Although trichotillomania may be multidetermined, its onset has been linked to stressful situations in more than 25% of all cases. Disturbances in mother–child relationships, fear of being left alone, and recent object loss are often cited as important contributing factors. Neurobiological investigations show evidence of abnormal patterns of brain neurotransmitters (serotonin) and involvement of the parts of the brain called the basal ganglia and frontal lobes, similar to that seen in people with OCD and Tourette's syndrome. Baseline levels of amino acids in spinal fluid (cerebrol spinal fluid 5-hydroxyindoleacetic acid levels) in individuals with trichotillomania seem to correlate with response to serotonin reuptake inhibitors.
Incidences of Trichotillomania have also been reported in conjunction with episodes of child abuse. Incidence is generally greater in females than males.
Medical complications of trichotillomania can include infection and scarring at the site, change in color or texture of the hair, slowed or stopped hair growth, and indirect complications leading to fear of embarrassment such as avoiding physical examinations, and the like. Repetitive arm and hand movements involved in hair pulling can cause carpal tunnel syndrome and other neuromuscular disorders. Psychiatric comorbidities (conditions occurring at the same time) include major depression, generalized anxiety disorder, eating disorder, Tourette's syndrome, body dysmorphic disorder, alcohol or other substance dependence and abuse, simple or social phobia.

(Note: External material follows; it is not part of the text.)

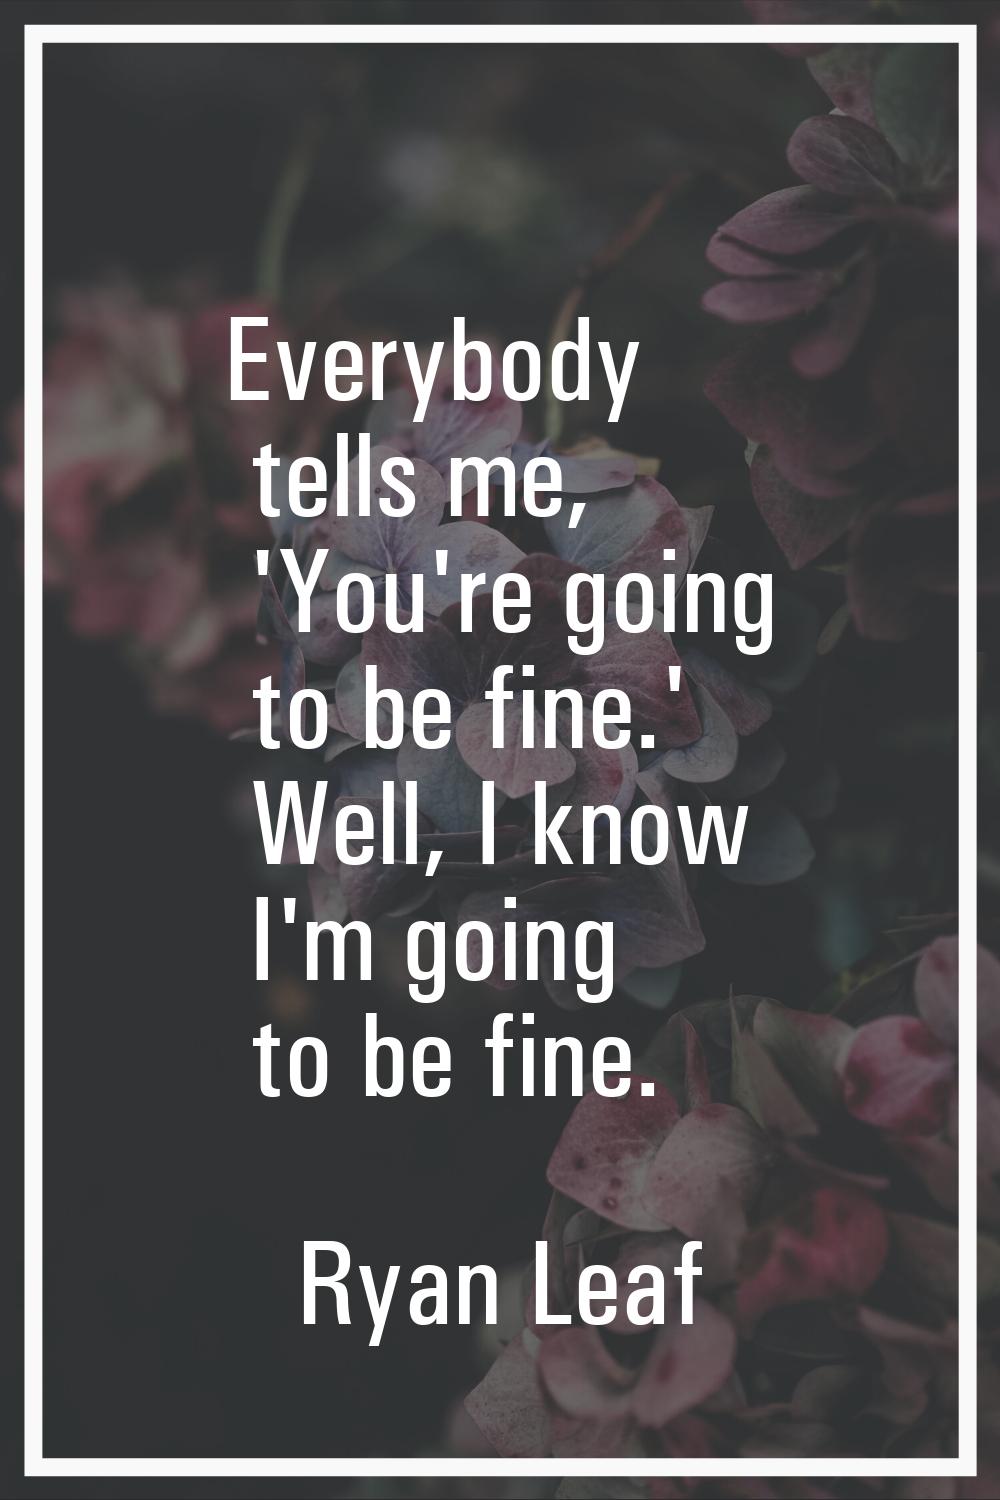 Everybody tells me, 'You're going to be fine.' Well, I know I'm going to be fine.

Trichotillomania is a type of compulsive behavior, meaning that people with the condition feel an overwhelming urge to pull their hair. They also may have other compulsive habits, such as nail biting or skin picking. Some also have problems like depression, anxiety, or obsessive-compulsive disorder (OCD). Compulsive behaviors like trichotillomania involve brain chemistry and may be genetic.
Up to 98% of patients with trichotillomania try to resist urges to pull, and may use barriers, such as hats, wigs, mittens, or tape, or alternative activities (knitting, sitting on hands) to decrease pulling. These attempts are generally unsuccessful.